Empfohlen wird eine beidseitige Ergänzung der Linde am Ende des Hauptweges mit weiteren großkronigen Gehölzen (evtl. auch Linde), so dass eine zusammenhängende Baum- bzw. Gehölzreihe entlang der gesamten Friedhofsgrenze nach Osten entsteht, die zumindest in Teilen als Sichtschutz fungiert.

Friedhofsprägendes Naturdenkmal Quercus (Eiche)

Markanter Mittelpunkt des Friedhofs ist eine alte Quercus (Eiche). Sie ist als ein Naturdenkmal verzeichnet.

Der den Friedhof zentral erschließende Weg wurde asphaltiert, somit auch unter der Krone und direkt am Stamm entlang. In der Folge haben Hauptwurzeln auf der Suche nach Wasser von der Unterseite des Asphalts her den Weg aufgebrochen.

Hier empfahl Frau Kuhle die Verlegung der Wegeführung und Veränderung des Wegebelages: Anlage eines mit Randsteinen eingefassten Weges aus wassergebundener Decke als Rundweg im Traufbereich des Baumes.
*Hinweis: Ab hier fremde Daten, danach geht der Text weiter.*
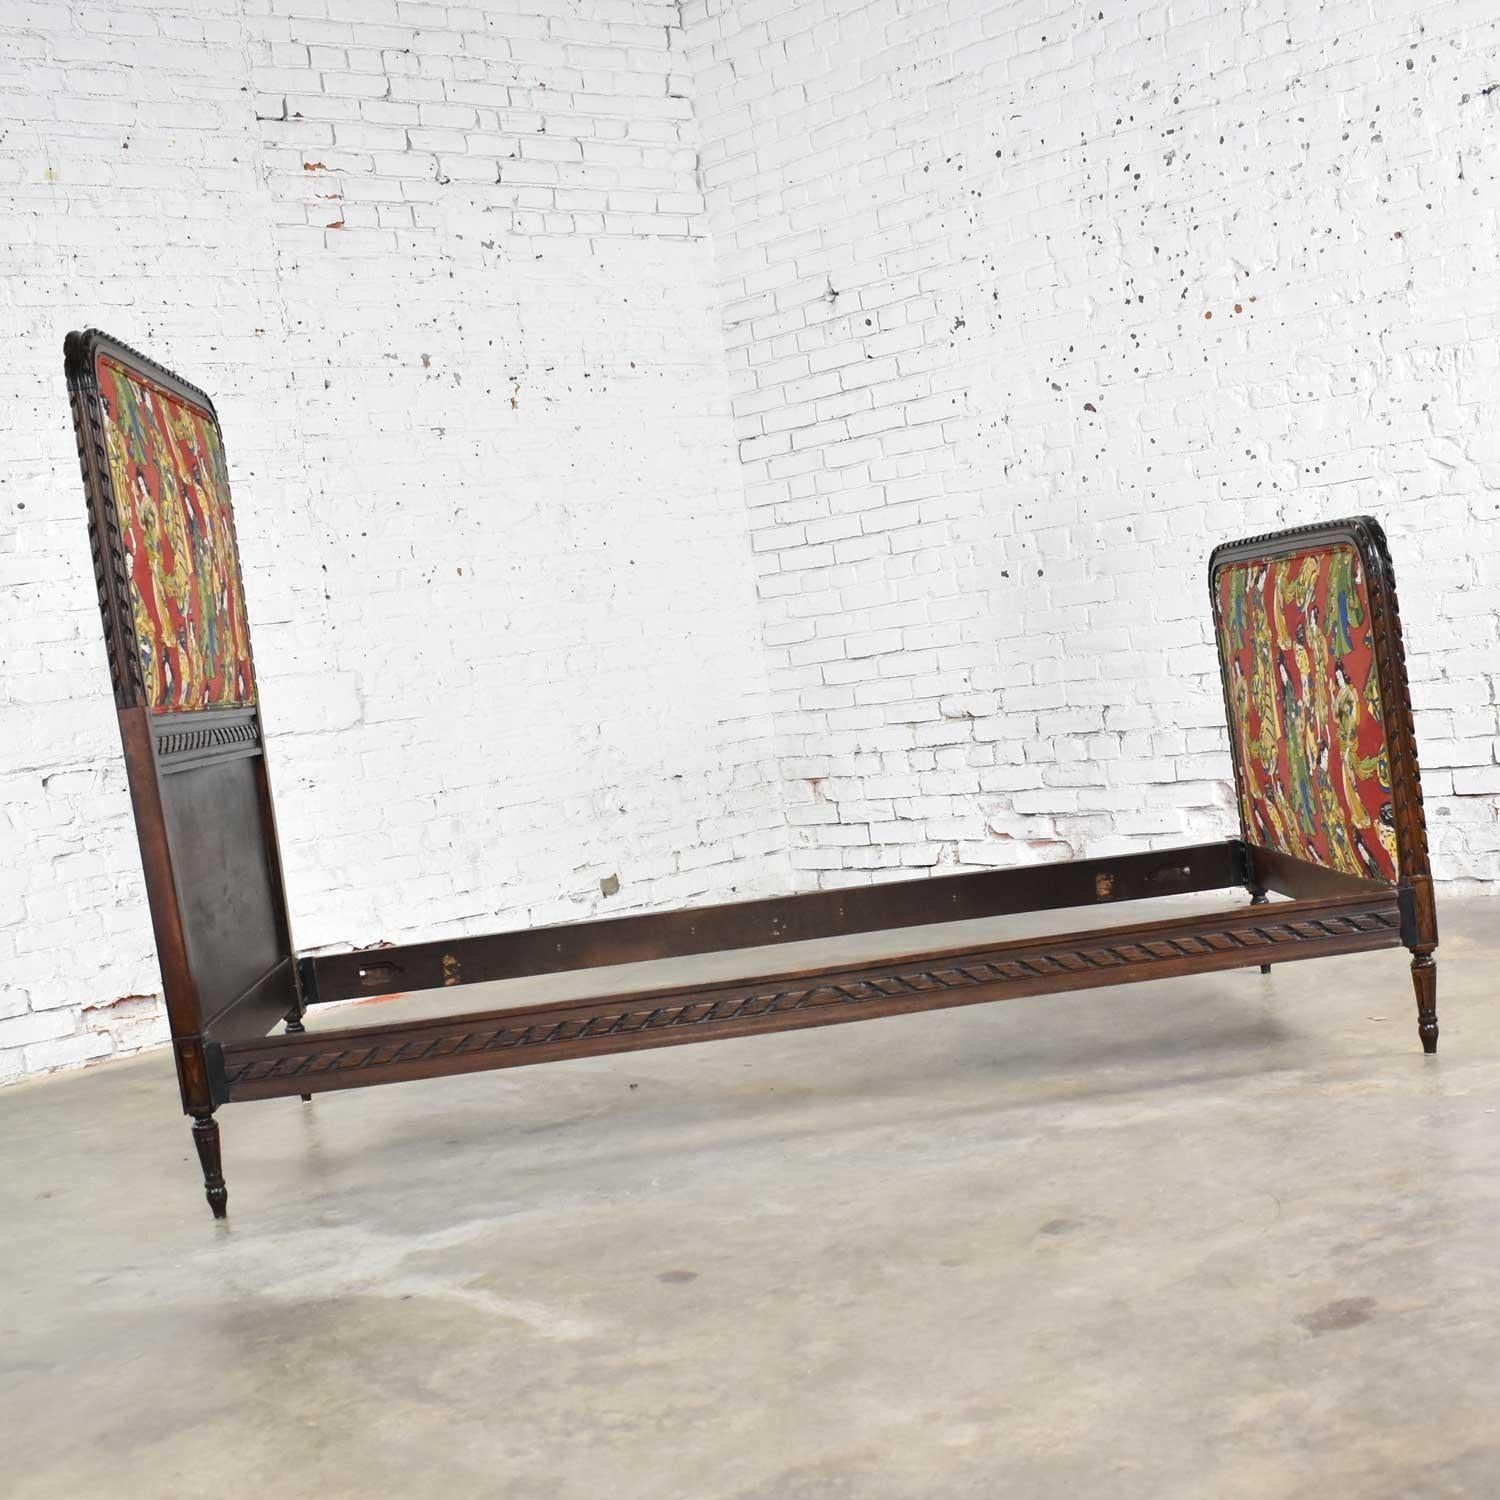 Antique French Carved Walnut and Upholstered Twin Bed with Asian Figural Fabric In Good Condition For Sale In Topeka, KS

Behutsames Entfernen des Asphalts im gesamten Bereich der Baumkrone. Da es sich um ein Naturdenkmal handelt: Beteiligung eines Vertreters der Unteren Naturschutzbehörde Vogelsbergkreis. Zwischen Stamm und Weg aus wassergebundener Decke Raseneinsaat.

Die Sichtachse durch den Friedhof Richtung Osten bliebe von einer solchen Veränderung unberührt.

Gefallenendenkmal

Das Denkmal für die Gefallenen des Ersten und Zweiten Weltkriegs besteht aus einem Wanddenkmal mit den Namen der Gefallenen, dahinter steht ein Hochkreuz, was diese Stelle zum Mittelpunkt des gesamten Friedhofs werden lässt.

Vor dem Wanddenkmal befindet sich eine Rabatte mit Waldsteinia ternata (Dickmännchen), und wiederum davor steht ein historischer Pfeiler. In jüngerer Zeit kamen seitlich auf der Fläche aus Kalkschotter zwei Bänke und in Richtung des Hauptweges des Friedhofs ein – im Vergleich zum historischen Pfeiler – um 45 Grad gedrehter Pfeiler mit dem Motiv „Betende Hände“ hinzu.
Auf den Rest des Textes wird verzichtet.